On Adversarial Robustness: A Neural Architecture Search perspective

Adversarial robustness of deep learning models has gained much traction in the last few years. Various attacks and defenses are proposed to improve the adversarial robustness of modern-day deep learning architectures. While all these approaches help improve the robustness, one promising direction for improving adversarial robustness is un-explored, i.e., the complex topology of the neural network architecture. In this work, we answer the following question: "Can the complex topology of a neural network give adversarial robustness without any form of adversarial training?" empirically by experimenting with different hand-crafted and NAS based architectures. Our findings show that, for small-scale attacks, NAS-based architectures are more robust for small-scale datasets and simple tasks than hand-crafted architectures.

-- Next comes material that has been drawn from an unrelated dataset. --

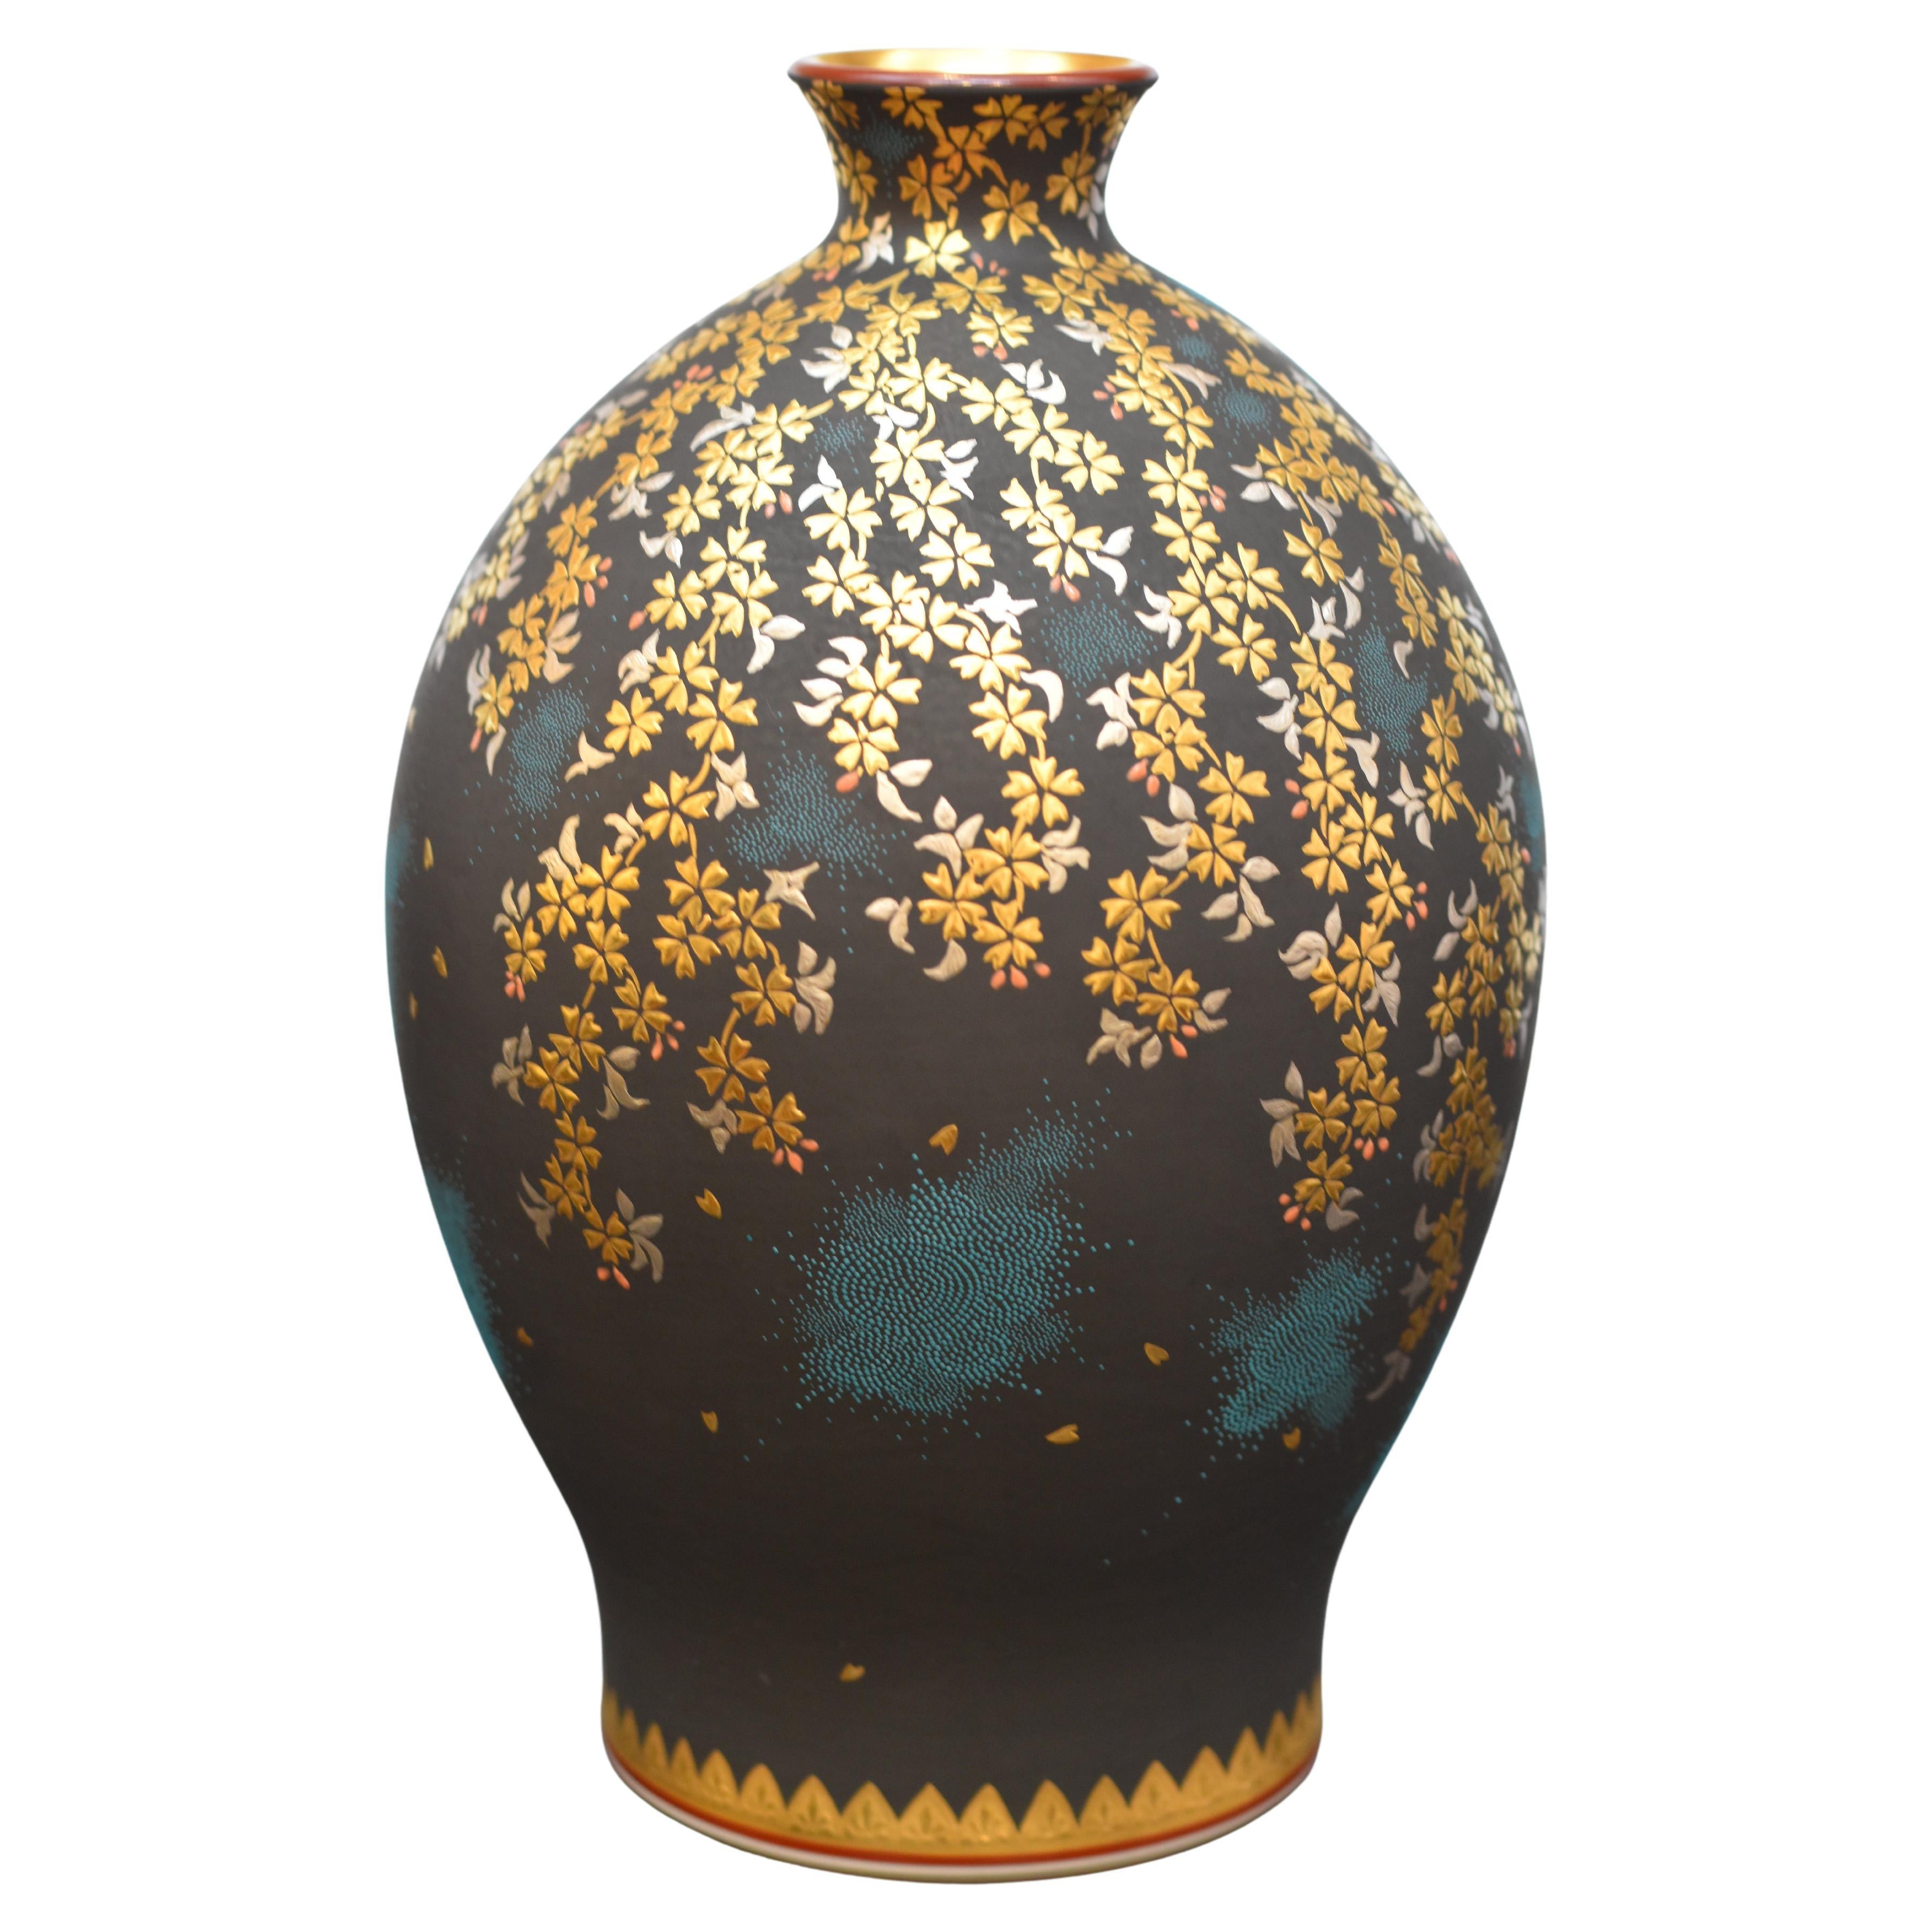 Exquisite museum quality signed Japanese contemporary porcelain vase,  a masterpiece by highly acclaimed award-winning third-generation porcelain artist of the Kutani region of Japan featuring a cascade of cherry blossoms rendered in pure gold and

However, as the dataset's size or the task's complexity increase, hand-crafted architectures are more robust than NAS-based architectures. We perform the first large scale study to understand adversarial robustness purely from an architectural perspective. Our results show that random sampling in the search space of DARTS (a popular NAS method) with simple ensembling can improve the robustness to PGD attack by nearly ~12\%. We show that NAS, which is popular for SoTA accuracy, can provide adversarial accuracy as a free add-on without any form of adversarial training. Our results show that leveraging the power of neural network topology with methods like ensembles can be an excellent way to achieve adversarial robustness without any form of adversarial training. We also introduce a metric that can be used to calculate the trade-off between clean accuracy and adversarial robustness.